Believing that I could work with Trump and his administration to support our community was a mistake. The recently leaked Department of Health and Human Services memo that suggests — preposterously and unscientifically — that the government ought to link gender to one’s genitalia at birth is just one more example in a pattern of political attacks. One doesn’t need to look back far to witness the president assault our nation’s guardians with a ban on trans people serving in the military or assail our nation’s future with a rollback of Obama-era protections for trans schoolchildren.
It’s clear these policies have come directly from Trump, and they have been sanctioned, passively or actively, by the Republicans by whose continued support he governs. My hope in him — in them — was misplaced, and I cannot support anyone who is working against our community. I do not support Trump. I must learn from my mistakes and move forward.
I am more determined than ever to find the best way to bring trans issues to the fore of our social and political conversation, domestically and abroad. I need to listen more to the members of the LGBTQ community and to learn more. I need to better use my voice, my privilege and my foundation to advocate and support our community.
I must continue to educate political and corporate leaders about the issues of homelessness, job discrimination, violence, access to health care, prejudice in housing, depression, suicide and so many other issues that disproportionately affect our long-ignored community. I will still work with anyone who is committed to help our community.
The world needs to hear us. The world needs to know us. We will not be erased.

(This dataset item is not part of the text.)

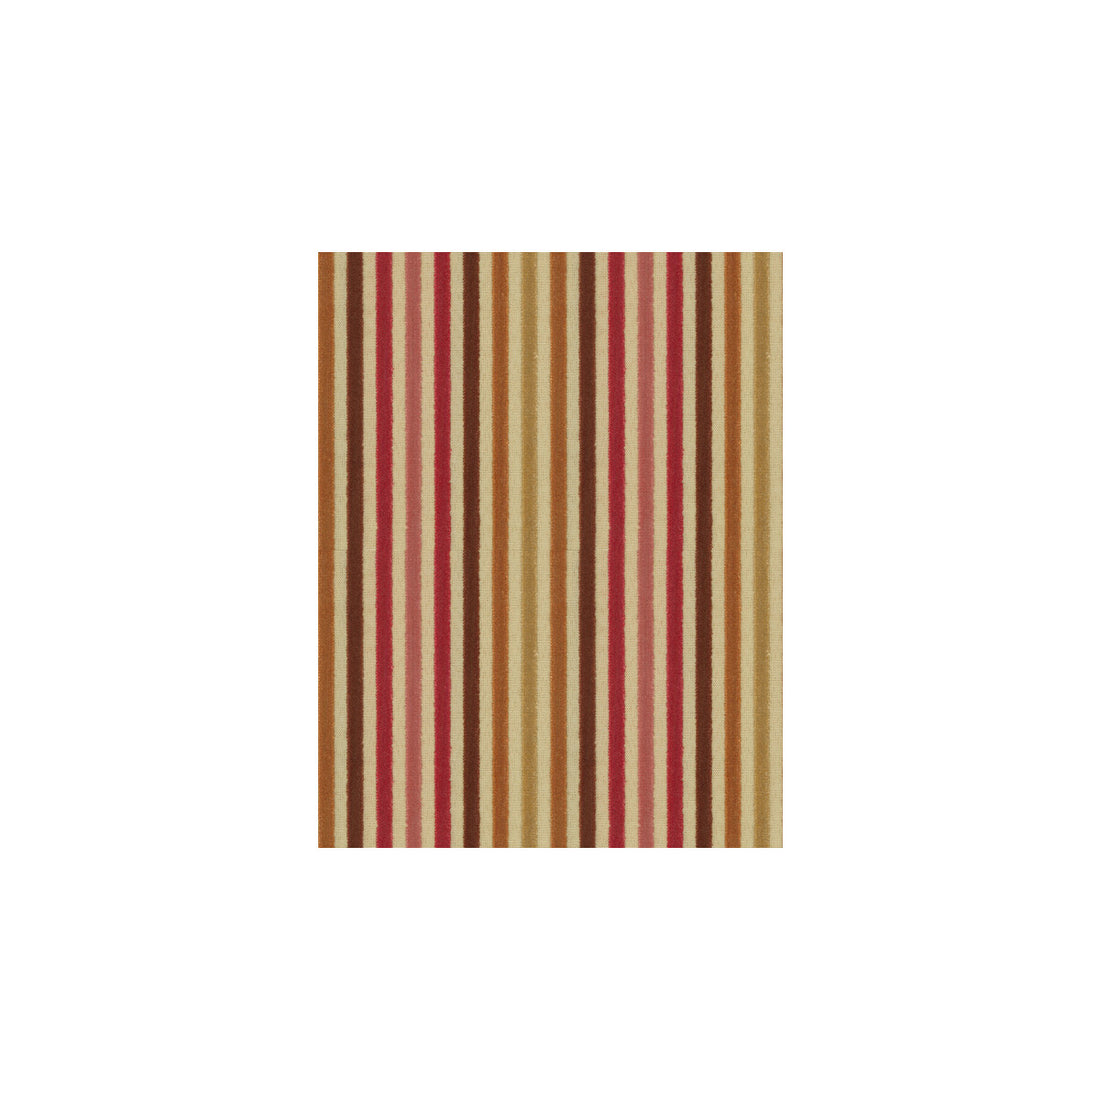 Kf Bas fabric - pattern 31517.924.0 - by Kravet Basics

It’s certainly not a bad bit of writing. But it is fairly indicative of a lot of apologies from privileged people in not asking what else she might have gotten wrong. I understand and believe her that she felt taken in, but there were a lot of voices against Trump. She chose not to hear them.
So close, yet so far.
As a Jewish person, I have always had a target on my back. In Reform Judaism, it is taught that the reason we are considered the “Chosen People,” is that as people who have always been discriminated against, we have a special mission on this earth to fight against all discrimination.
As a non Jewish looking person, I always felt safe “passing” for a “white” woman. I have never been targeted as a person, only because I choose to identify with this group do I feel unsafe or part of a target minority. I don’t walk around in dark skin, or in clothes that show I identify against my assigned gender, or wearing a hajib or modest clothing that would identify me in public as Jewish/belonging to some other conservative sect or religion.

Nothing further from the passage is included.